The explanation for that, Chirikova notes, “is simple.” The position of governor is “an entirely different administrative reality” than the ones security service officers are familiar with. They are used to giving orders, but in the governor’s chair, that is “insufficient.” They need to be politicians capable of convincing people and assembling coalitions if they are to be effective.
And those who are capable of doing that are sufficiently rare that the center will think twice about replacing them as long as they do not cause serious problems. As the Carnegie Moscow Center’s Nikolay Petrov observes, removing them is often difficult, and any replacement may find himself facing resistence from the start.
Consequently, “more often than not it is more profitable for the federal powers that be to leave the situation as it is especially if the regional leader is even relatively effective,” all the more so because even those governors who may not like the center nonetheless will cooperate in delivering the votes and the money Moscow wants.

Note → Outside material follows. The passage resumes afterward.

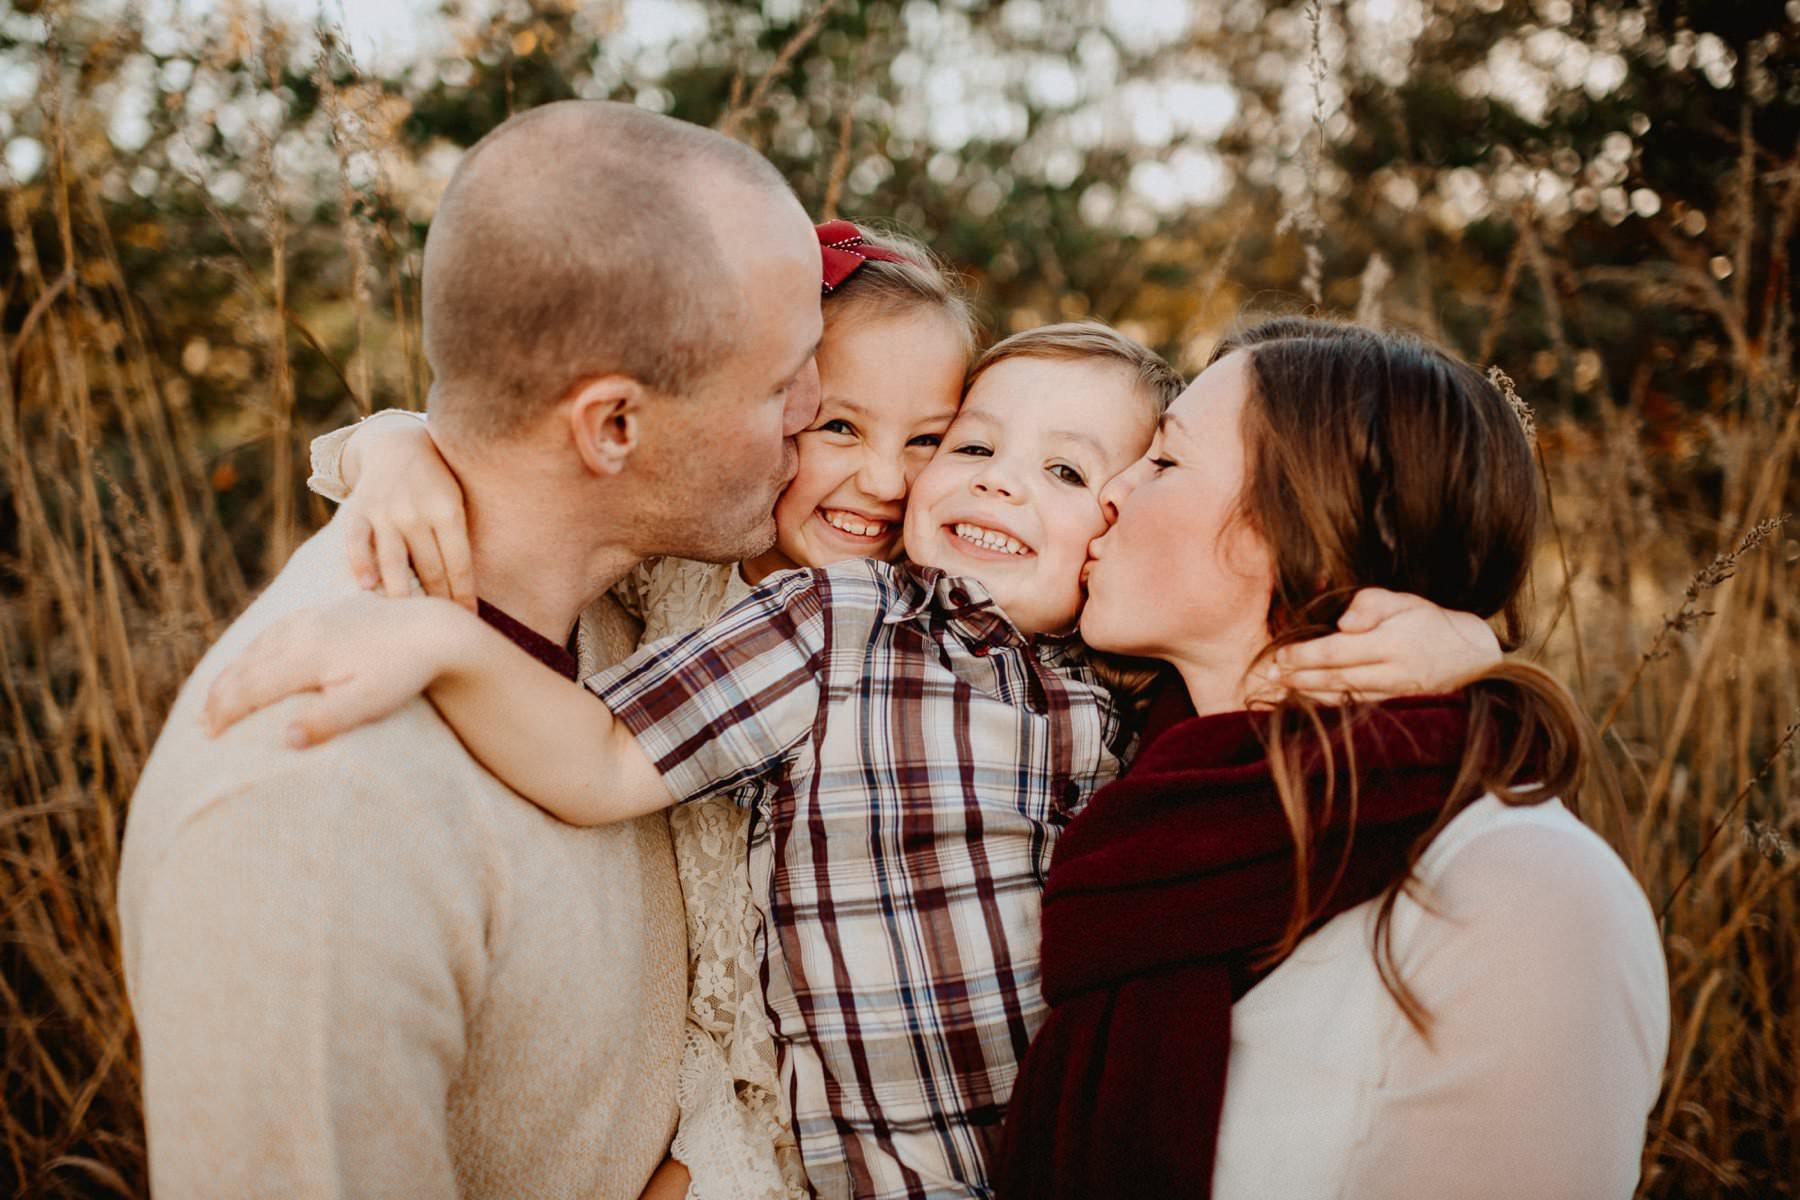 Delaware-family-photographer-15.jpg
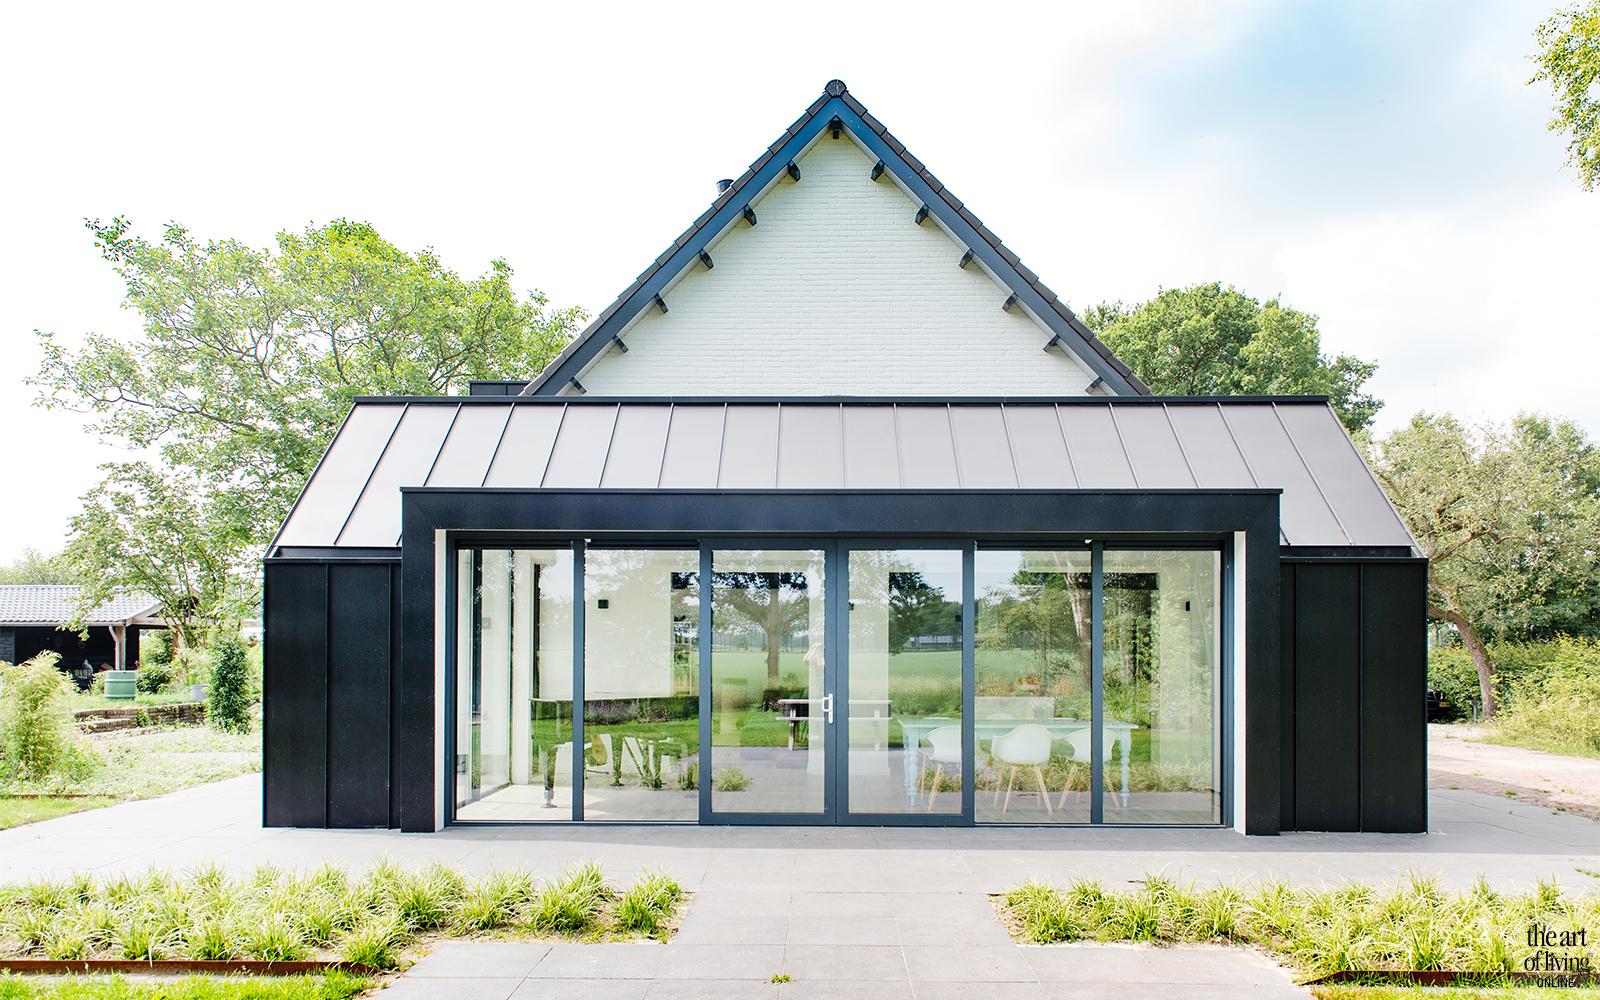 landelijke stijl, A&R10, kangoeroewoning, moderne boerderij, witte villa

When Putin eliminated gubernatorial elections, many assumed that this would lead to the development of “a hidden fronde” as governors fought against the diminution of their powers. But “it has turned out that no essential reduction of the influence of governors in the regions has occurred.”
“Yes,” “Russky reporter” concludes, “they have lost control over certain financial flows and regional force structures have moved out from under their power. But all the same, the local elites retain many opportunities to conduct their own policy,” and even as the recent case of Bashkortostan’s Murtaza Rakhimov shows, to complain about Moscow’s quite openly.
If Moscow is to cope with these arrangements in the future, the weekly says, “authoritarian methods alone will not be enough.” Instead, the central authorities will have to use political ones, and in that sphere, many of the Russian Federation’s governors and republic presidents have shown themselves to be masters of the game.